- PROBLEM REQUIREMENTS:
Quote the data below in full, minus the images.

- DATA PROVIDED:
□ □ □

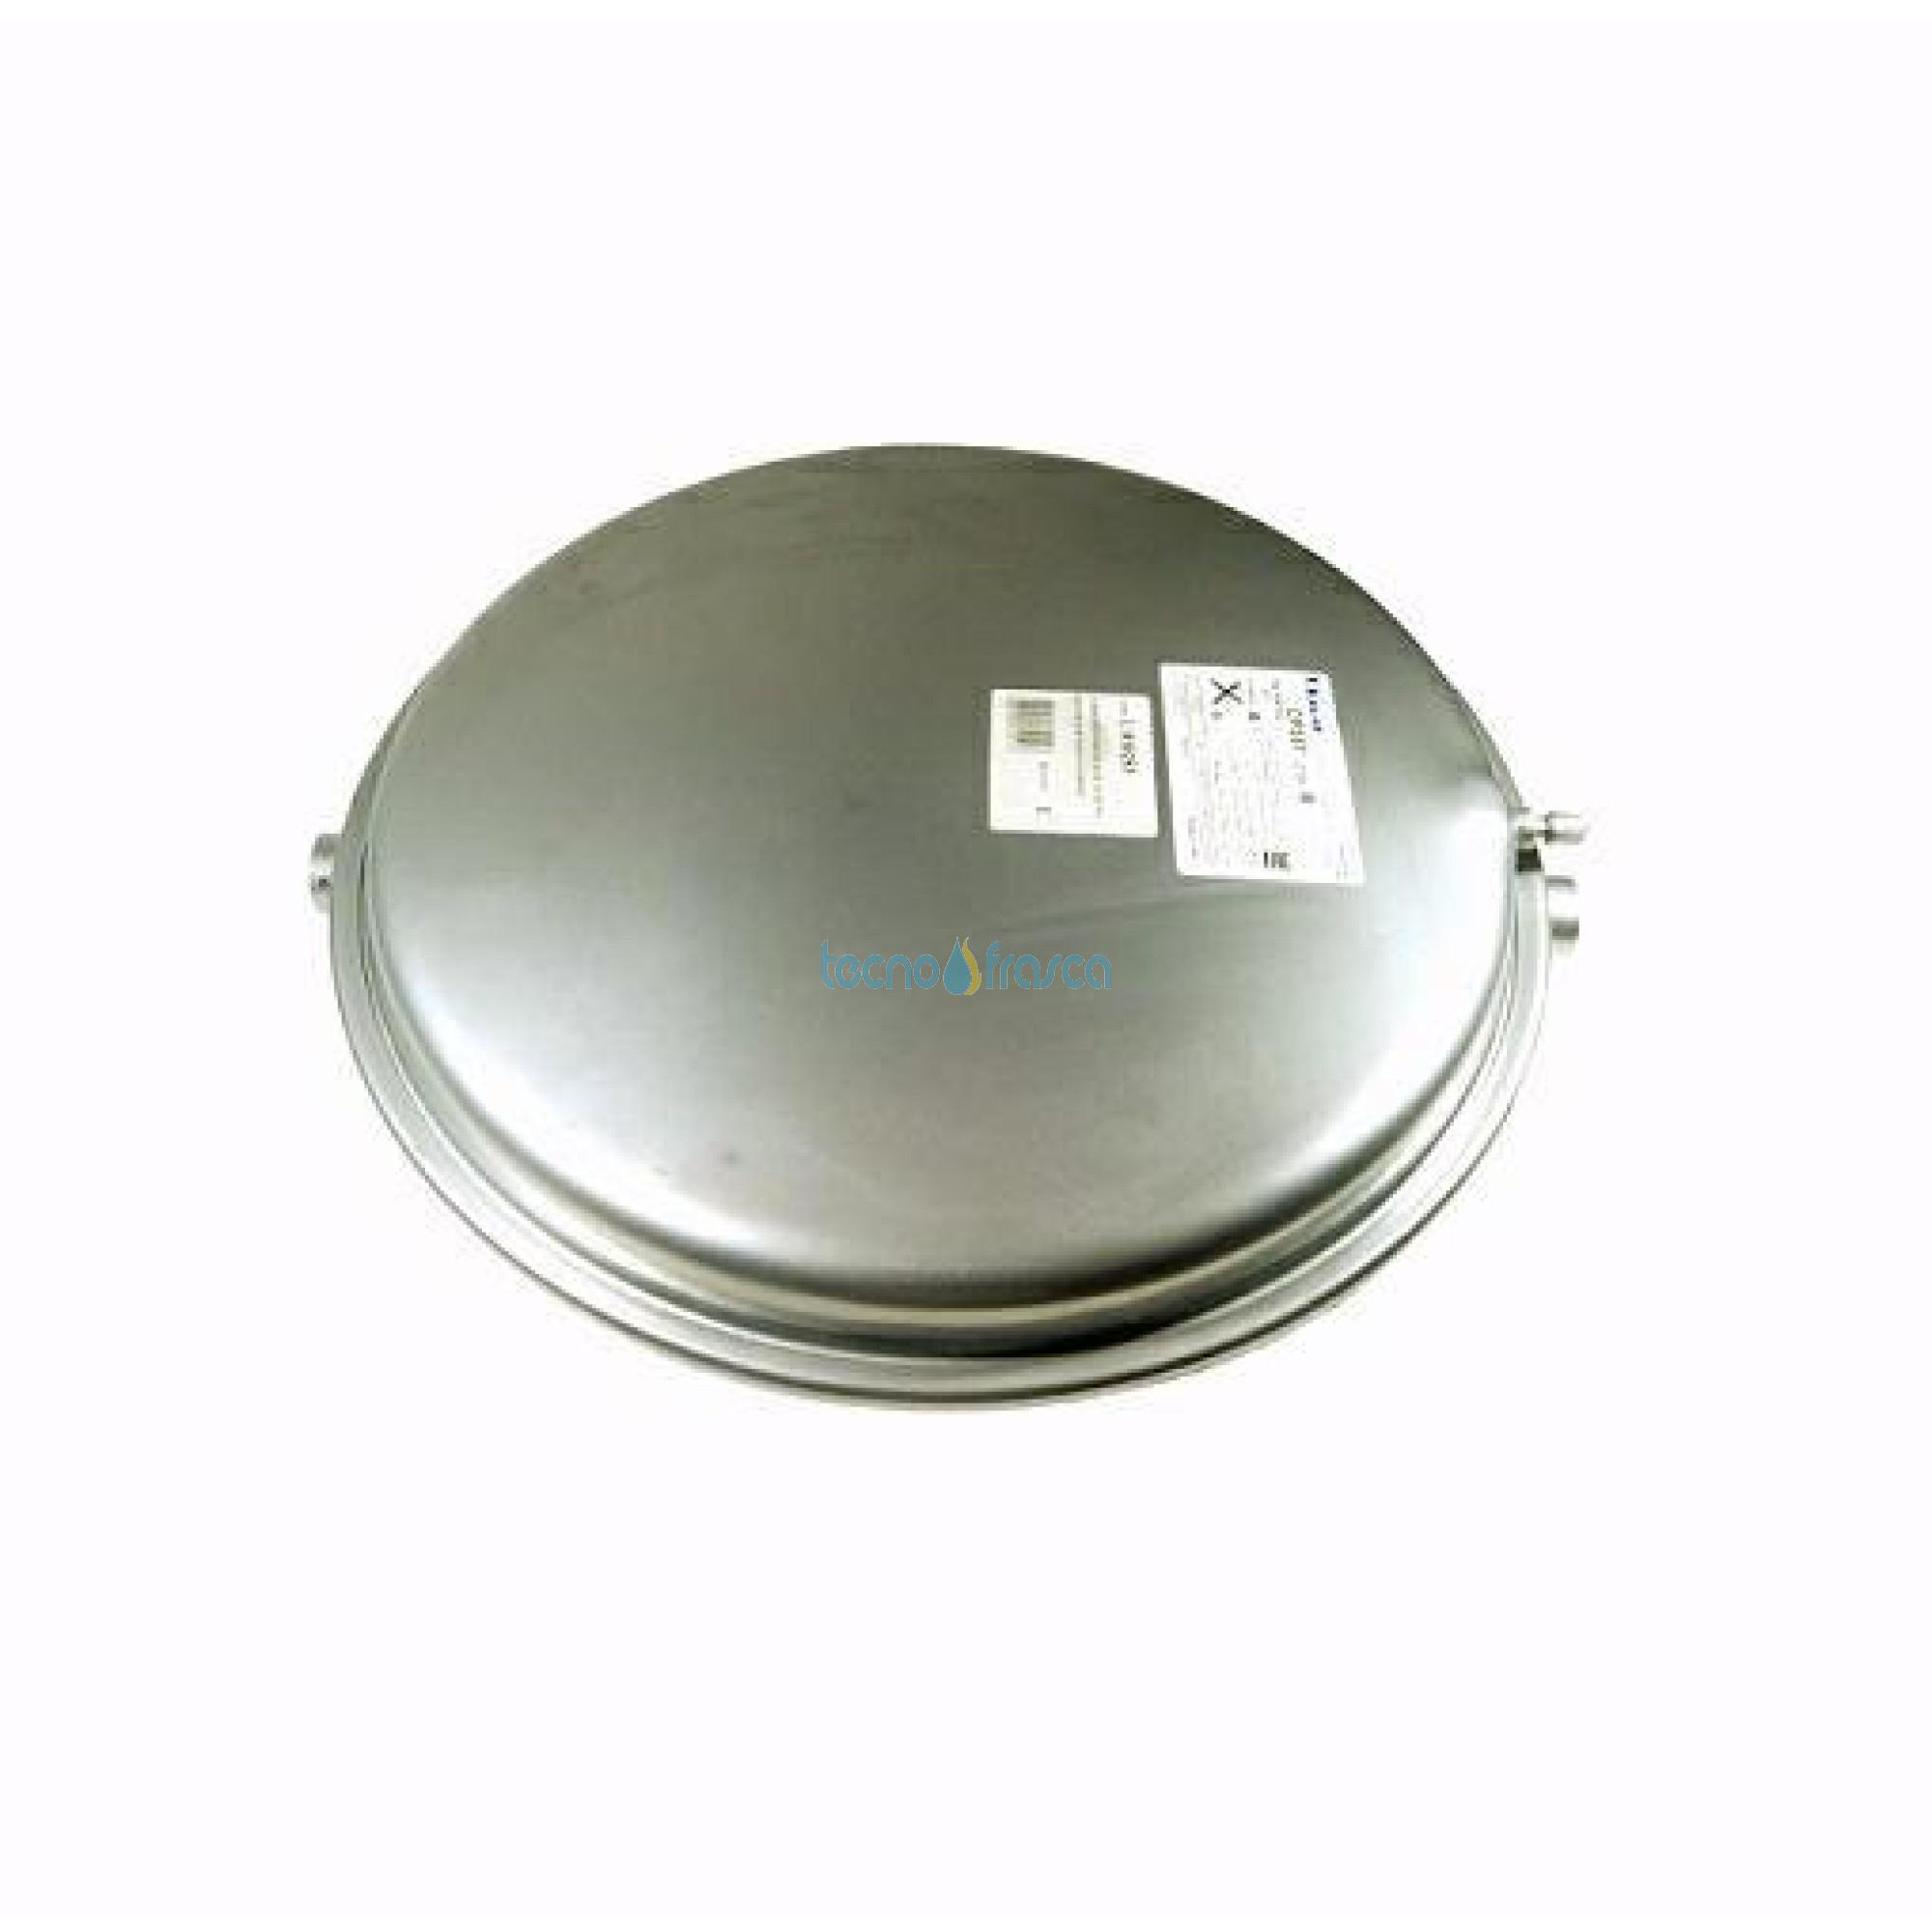 Immergas vaso di espansione lt8 nike-eolo-maior-superior 1.010253
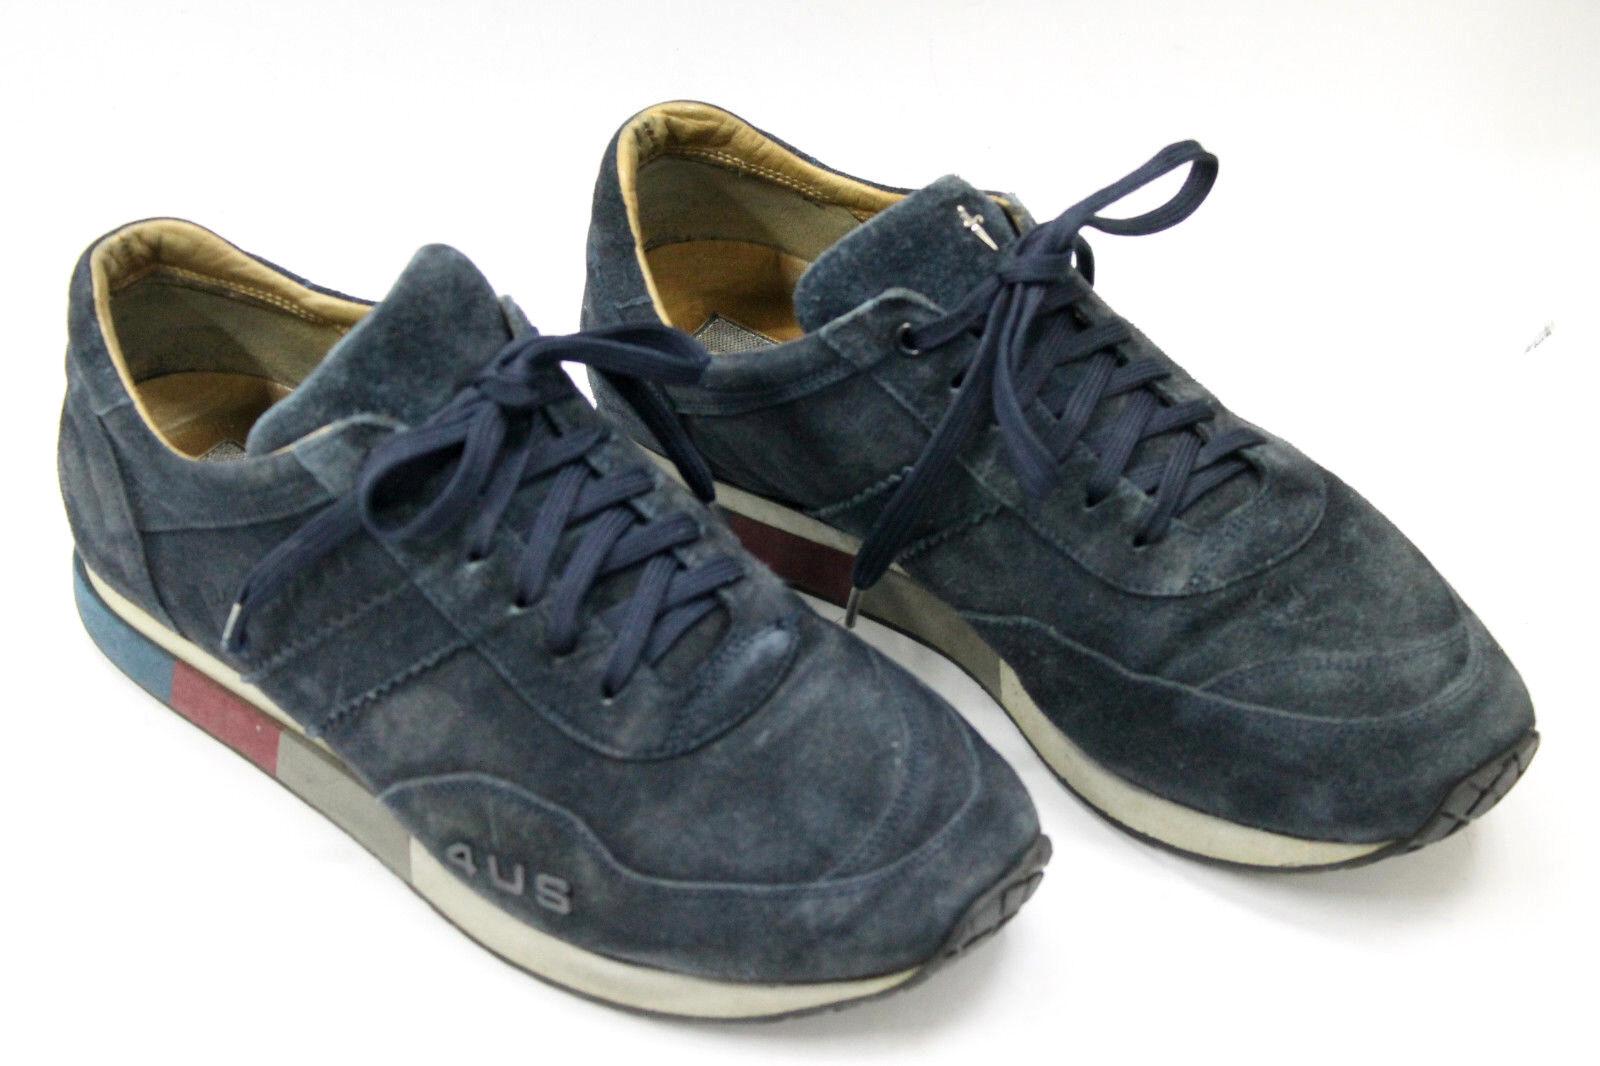 CESARE PACIOTTI Uomo shoes sz 7 Europe 41 blue suede S6928
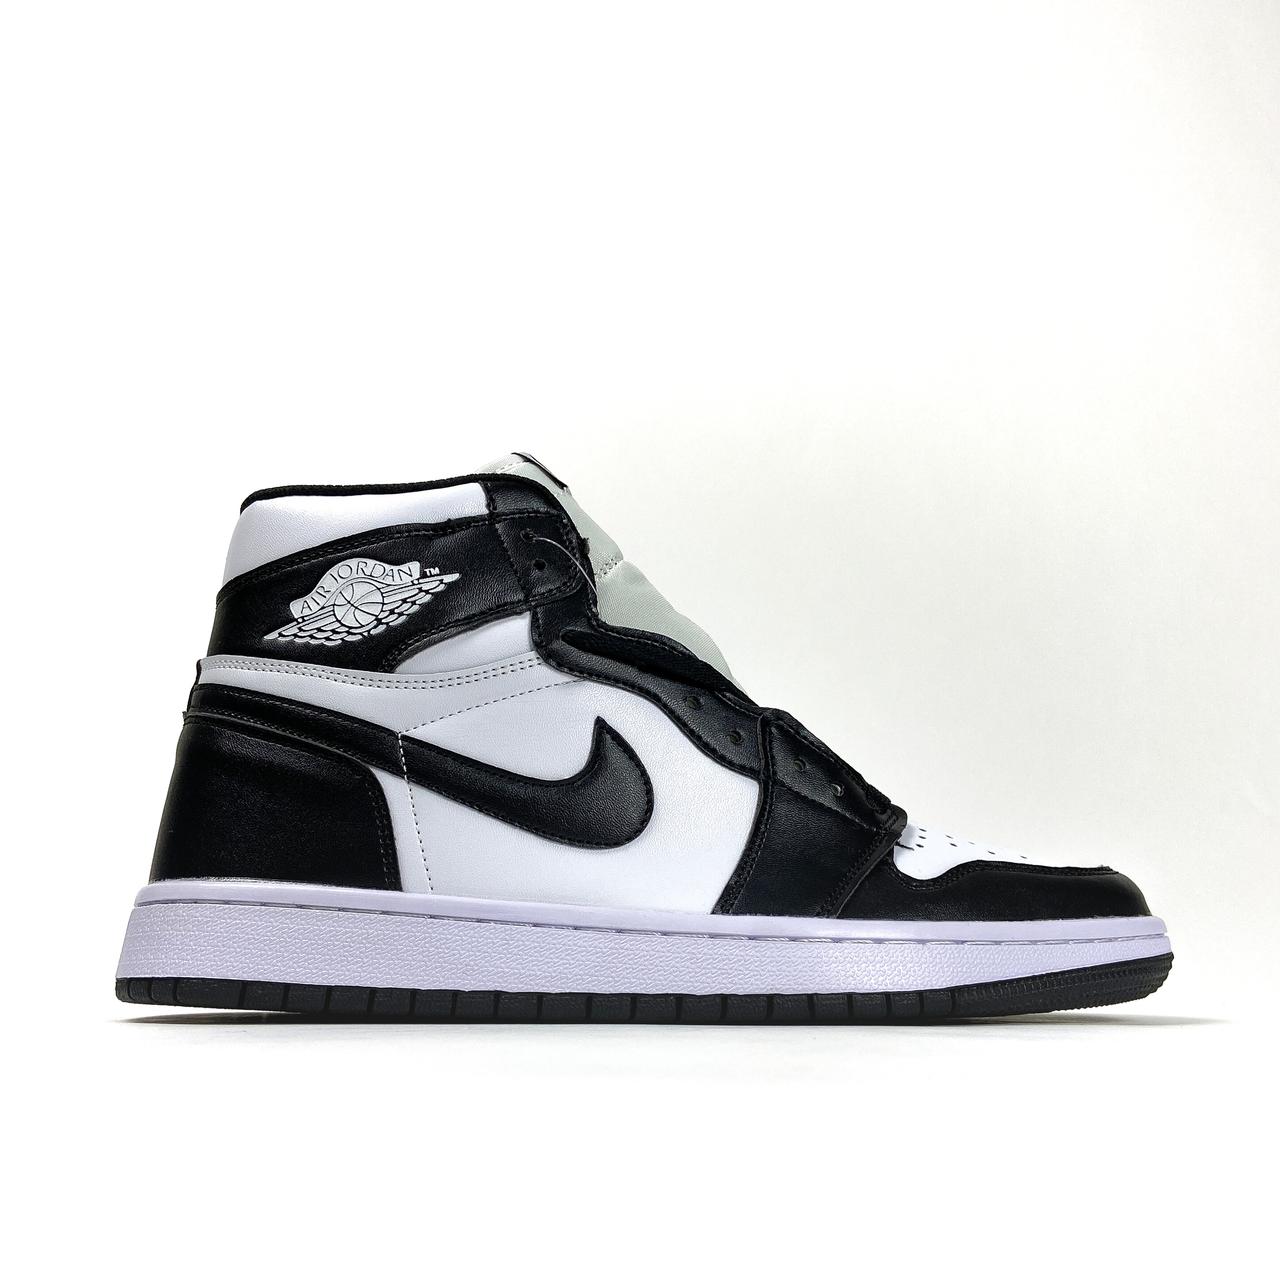 Nike Air Jordan 1 Black White (Білий)
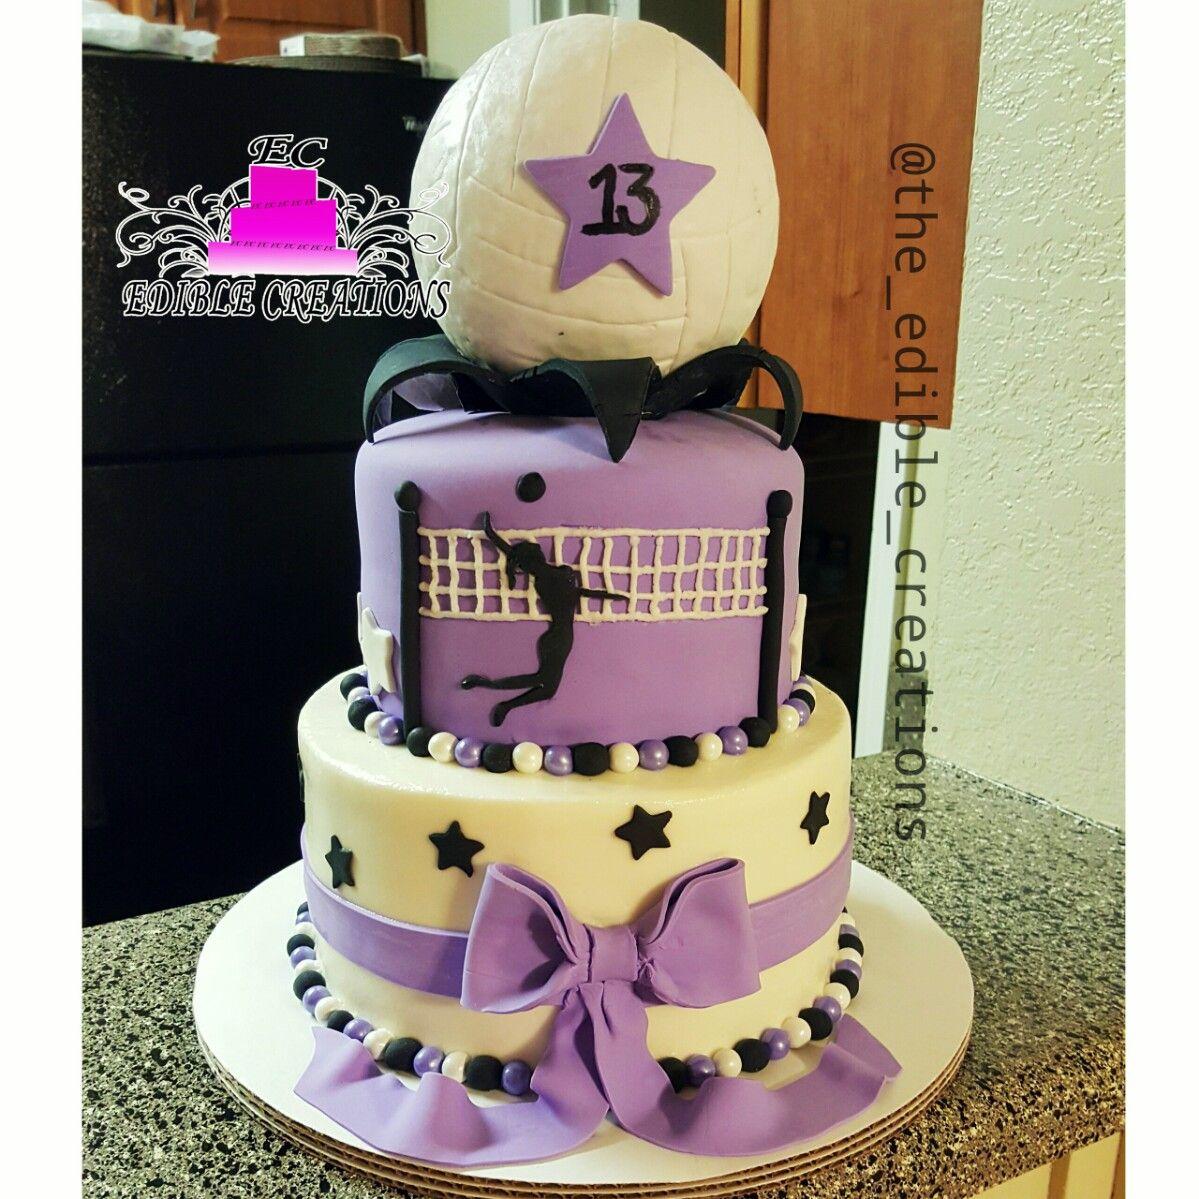 Volleyball Volleyball Birthday Cakes Volleyball Cakes Volleyball Birthday Party

□ □ □

- RESPONSE TO THIS TASK:
 Immergas vaso di espansione lt8 nike-eolo-maior-superior 1.010253
 CESARE PACIOTTI Uomo shoes sz 7 Europe 41 blue suede S6928
 Nike Air Jordan 1 Black White (Білий)
 Volleyball Volleyball Birthday Cakes Volleyball Cakes Volleyball Birthday Party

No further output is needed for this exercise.